Jews in Germany were economically and
even politically powerful in the 1920s. And then they were in Buchenwald.
Israel appears powerful vis-à-vis the Palestinians, but considerably less so in
the context of a broader Middle East saturated with genocidal
anti-Semitism. American Jews are comparatively wealthy. But wealth
without political power, as Hannah Arendt understood, is a recipe for hatred.
The Jews of the Squirrel Hill neighborhood of Pittsburgh are almost surely
“privileged” according to various socio-economic measures. But privilege didn’t
save the congregants of the Tree of Life synagogue last year.
Nor can the racial politics of the
United States or any other country be projected onto the Israeli-Palestinian
conflict, as some have desperately sought to do. Nearly half of all Jewish
Israelis have Middle Eastern roots; some, in fact, are black. Martin
Luther King Jr. preached nonviolent resistance; Yasir Arafat practiced terrorism.

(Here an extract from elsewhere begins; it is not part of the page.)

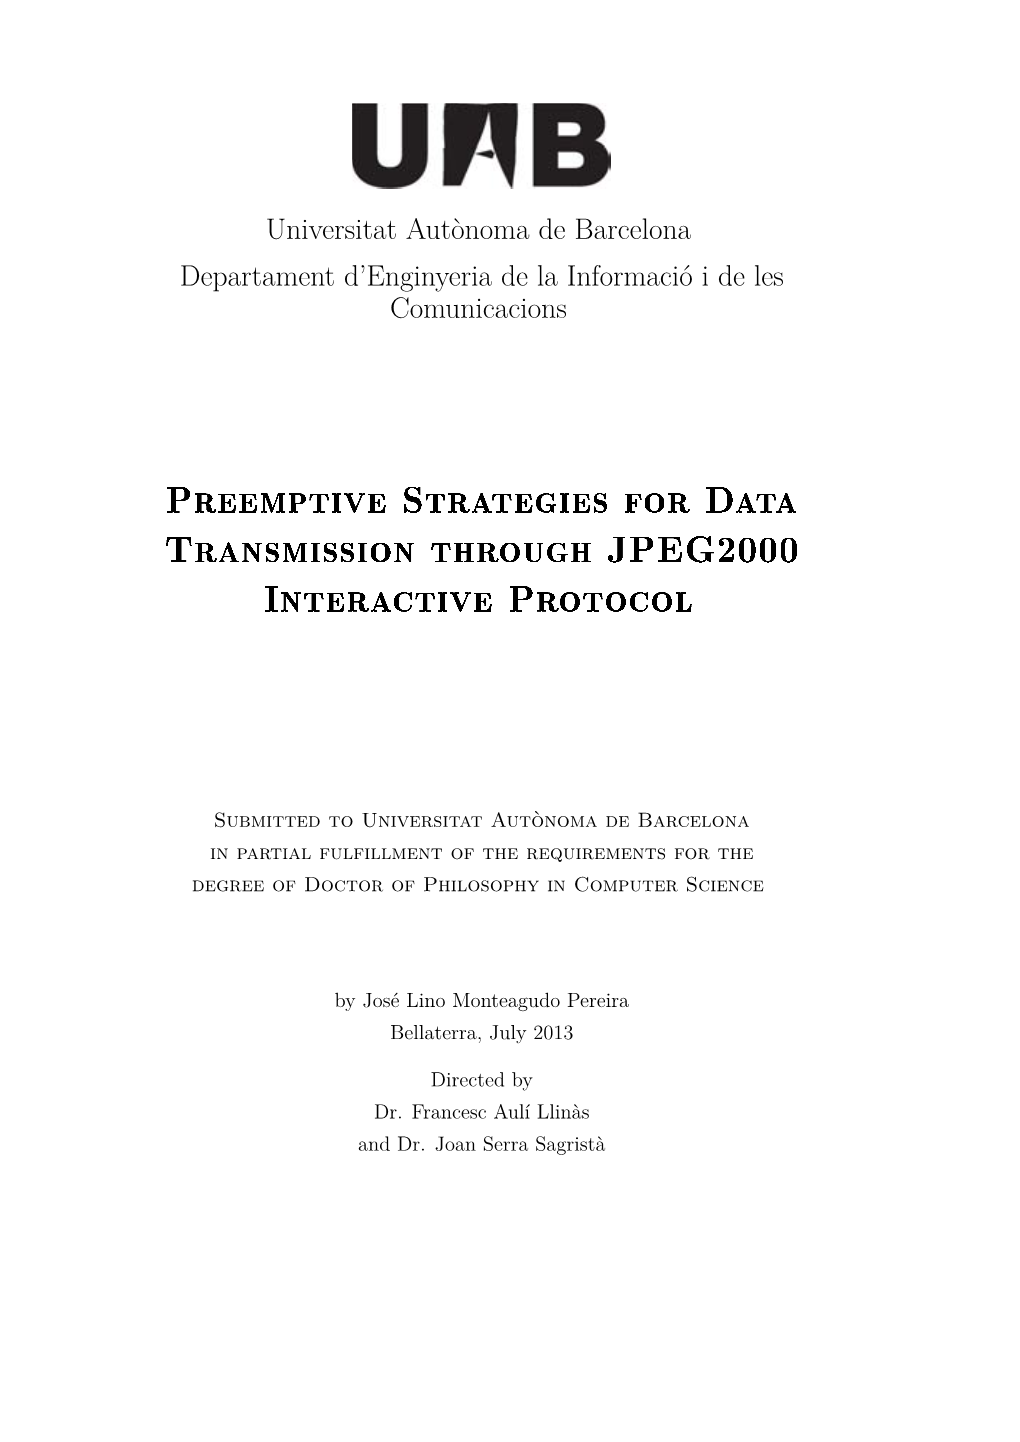 Preemptive Strategies for Data Transmission Through JPEG2000 Interactive Protocol
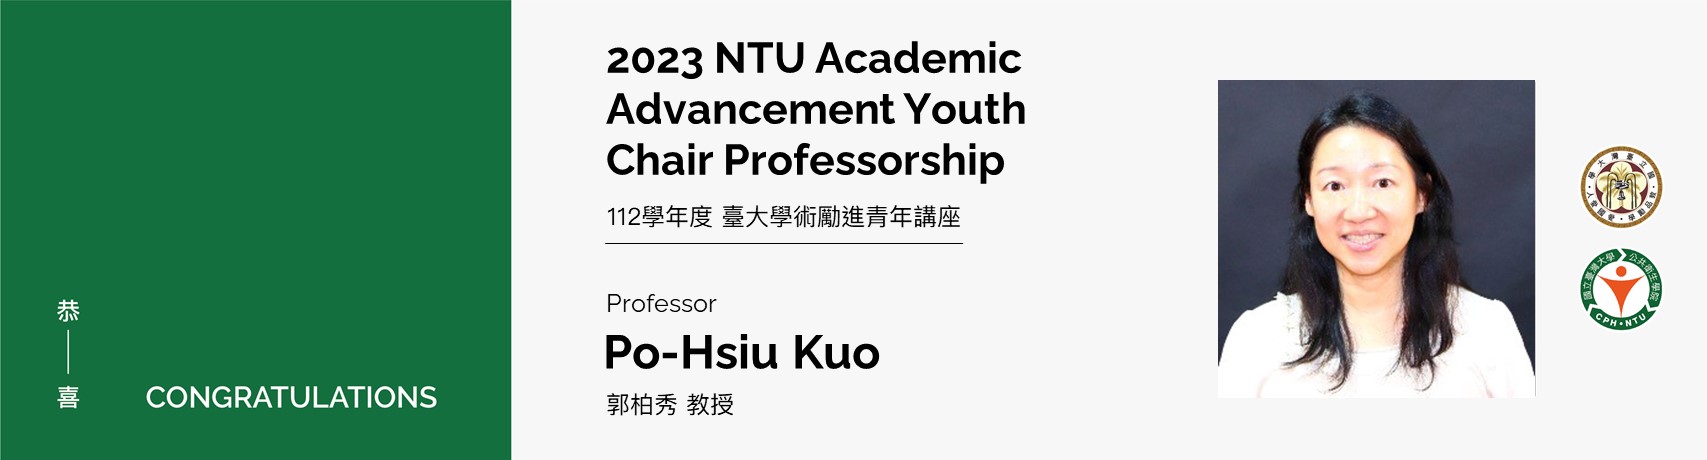 【Congratulations!】Prof. Po-Hsiu Kuo awarded 2023 NTU Academic Advancement Youth Chair Professorship

The civil rights movement was about getting America to live up its founding
ideals; anti-Zionism is about destroying Israel’s founding ideals.
As
for the oft-cited apartheid analogy, black South Africans did not have a place
in the old regime’s Parliament, as Israeli Arabs have in the Knesset; nor were
they admitted to white universities, as Israeli Arabs are to Israeli
universities. Israel can do more to advance the rights of its Arab citizens
(just as the United States, France, Britain and other countries can for their
own minorities). And Israel can also do more to ease the lives of Palestinians
who are not citizens. But the comparison of Israel to apartheid South Africa is
unfair to the former and an insult to the victims of the latter.
None of this should be hard for most
progressives to understand. Indeed, progressives have no trouble spotting
anti-Semitism when it emanates from the political right — the effigies of
George Soros, the attacks on “globalists” with names like Blankfein and Yellen,
the social media memes borrowed from neo-Nazis. Yet it seems that a movement
that can detect a racist dog-whistle from miles away is strangely
deaf when it comes to some of the barking on its own side of the fence. And
even when it does hear it, it doesn’t have the sense to banish it.
This
is dangerous, and not just to Israeli and American Jews. In Britain, the Labour
Party is now led by a militant anti-Zionist whose deep-seated
anti-Semitism occasionally slips out. And yet Jeremy Corbyn
remains in firm control of his party, is reshaping it in his image and may yet
become Britain’s next prime minister.
The prospect of Corbynism coming to
America may still seem remote. But that can’t be counted on in an era of sharp
and rapid polarization. When New York Representative Alexandria
Ocasio-Cortez tweeted recently
about the “honor” of her “lovely and wide-reaching conversation” with Corbyn,
it was a sign either of indifference or purposeful alliance that ought to
profoundly alarm every sensible Democrat worried about the ideological
direction and moral health of the party. Now is the time for party leaders to
make sure that doesn’t happen by insisting that anti-Zionism has no more a
place in the Democratic fold than any form of prejudice.
American democracy is already in
jeopardy for having one party that has surrendered to the politics of ethnic
bigotry disguised as social concern. To have two such parties would be fatal.